Columbus, OH – As Ohioans' thoughts turn to Thanksgiving meals, many are facing a tough choice this winter: "heat or eat." Today, some of the state's nonprofit groups are calling for a return to strong utility regulation to help tackle the problem.

Lisa Hamler-Fugitt with the Ohio Association of Second Harvest Foodbanks says deregulation hasn't resulted in promised rate cuts for electricity. That's just one reason that more cash-strapped Ohioans are now seeking emergency food, with family grocery budgets that are being drained by rising utility costs.

"Higher utility bills often force low-income Ohioans to choose between paying home heating bills or buying enough food to feed their families. Both are basic necessities and no Ohio family can be without either this winter."

Dave Rinebolt with Ohio Partners for Affordable Energy believes the deregulated system will only get worse because utility companies are, in effect, monopolies. He points to new documentation from the State Legislature indicating utility companies are seeking massive rate hikes.

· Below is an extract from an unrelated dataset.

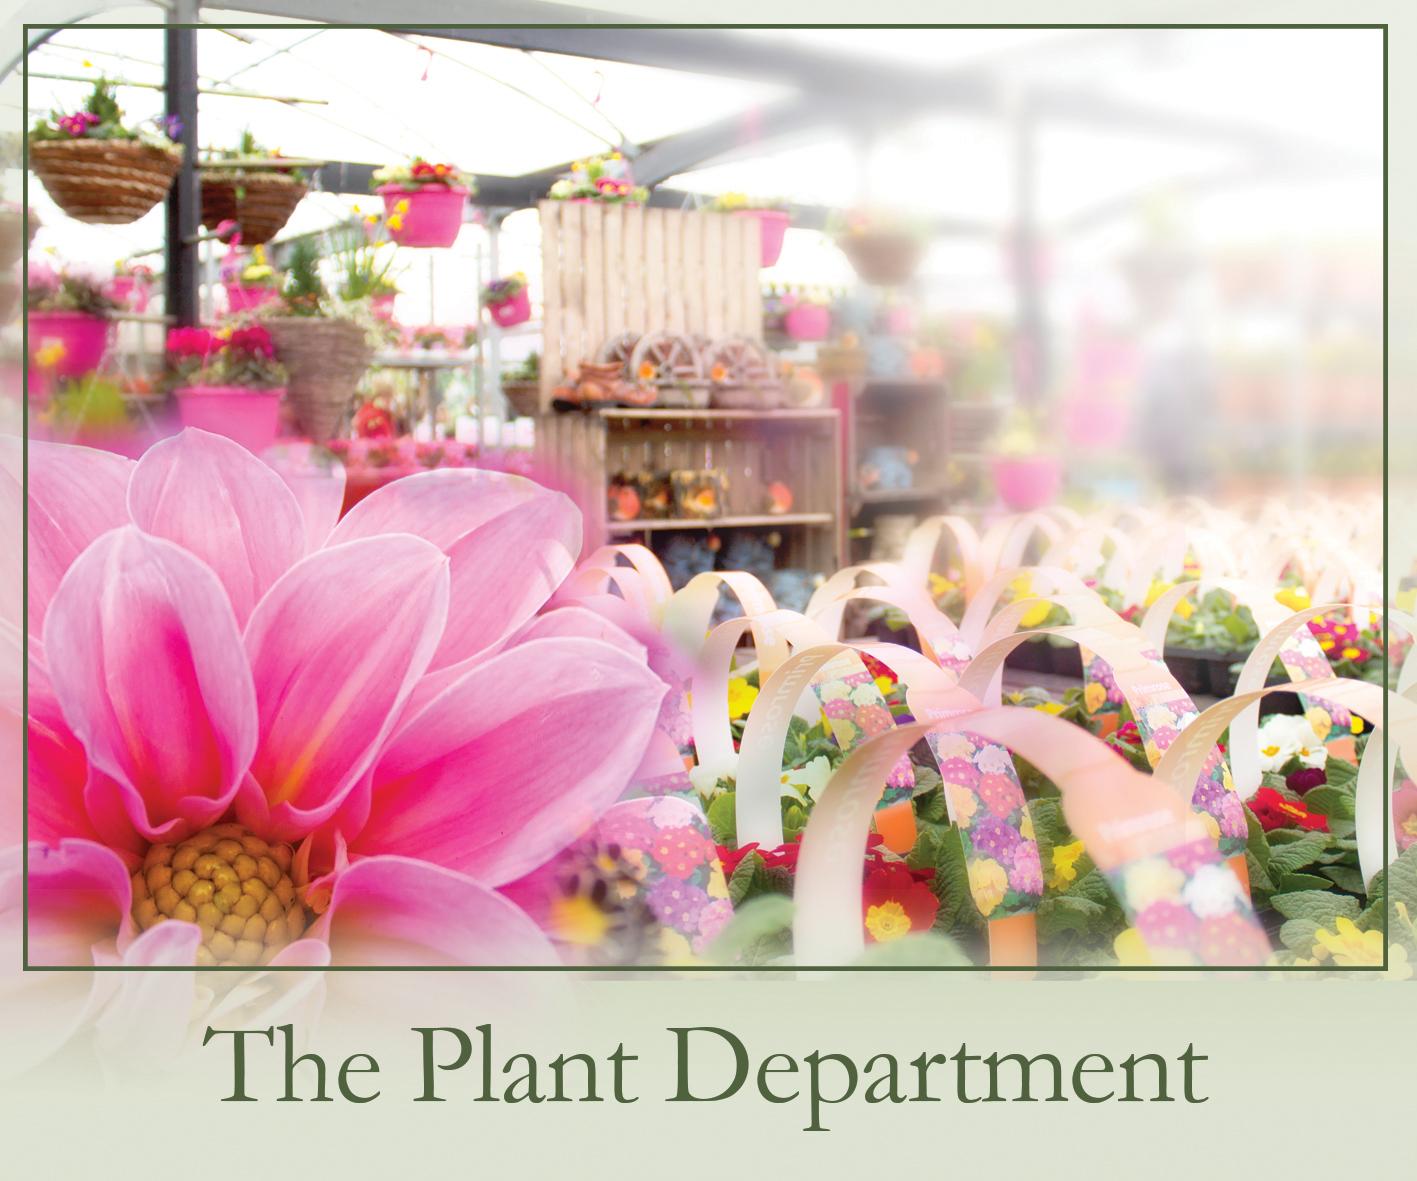 garden furniture, garden shop, garden tools

"Utilities proposed amendments that would have essentially locked in rate increases of over 70 percent over the next three years. That's why we have to reform the current method of regulating them."

Hamler-Fugitt says the increase in demand comes as food banks are already facing shortages, and having to ration food. She hopes the reform plan just passed by the Ohio Senate will rein in spiraling utility costs, by changing the way utility companies set their rates.